My responsibilities for the remainder of the semester are not too bad, actually. I have two tests, two papers, and one god-awful statistics project. It's not just that I hate stats. In fact, I discovered last summer that I actually sort of like statistics, and I am capable of doing quite well in a stats class. I do hate, however, the particular approach to stats that is being used in my current class. I hate it with a passion I normally reserve for fundies, uber-conservatives, and people who use words like "irregardless" (three groups which overlap a great deal, I realize).

Well, regardless of my angst over it, the project must be completed, preferably with a minimum of bloodshed. My current plan is to write drafts of the other two papers in the next week, and get them to the point where the respective profs can tear up the drafts, and all I'll have to worry about is editing and polishing. Then I can dedicate myself to slogging through the stats over and over until they are satisfactory.

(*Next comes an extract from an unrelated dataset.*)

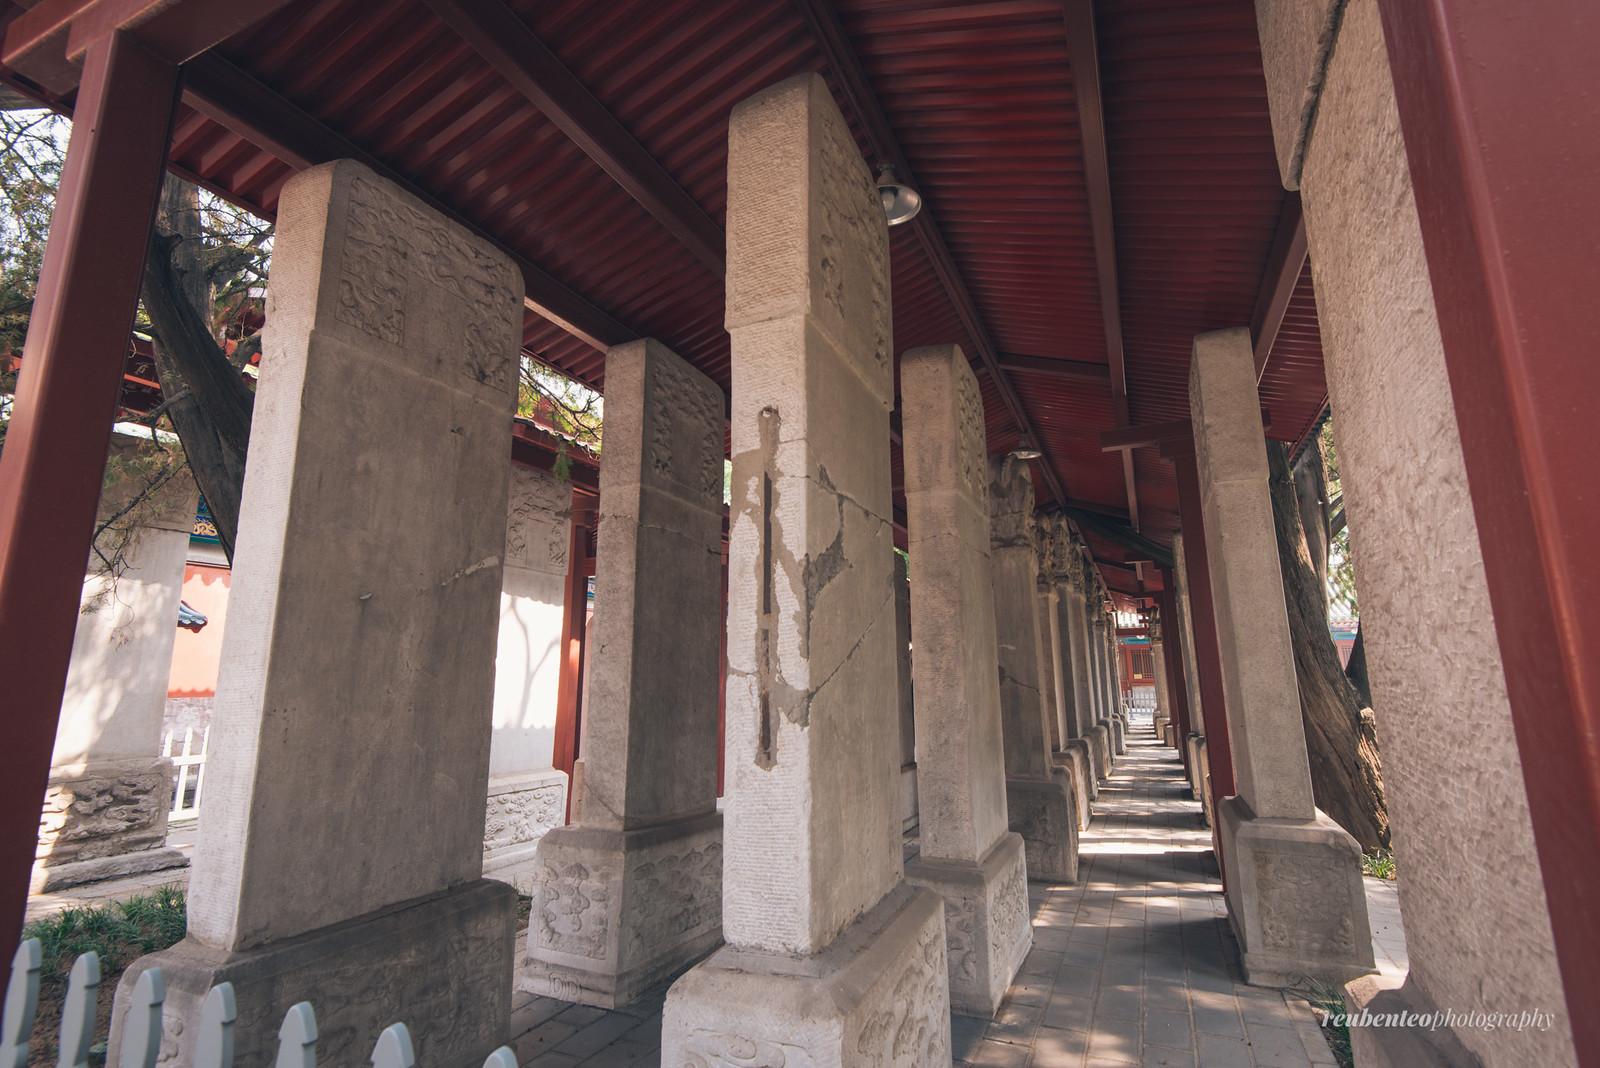 Stone Stele Pavilions of Confucius Temple Beijing

This is uncharacteristically forward-thinking of me. I usually don't plan out the end of the semester until about two to three weeks out. Am I actually learning better habits? Could this be maturity creeping into my usually childish behavior, overtaking my carefree, "don't sweat the petty things, just pet the sweaty things" approach to life?

Don't be concerned. I'm sure I'll return to my slovenly, juvenile ways shortly.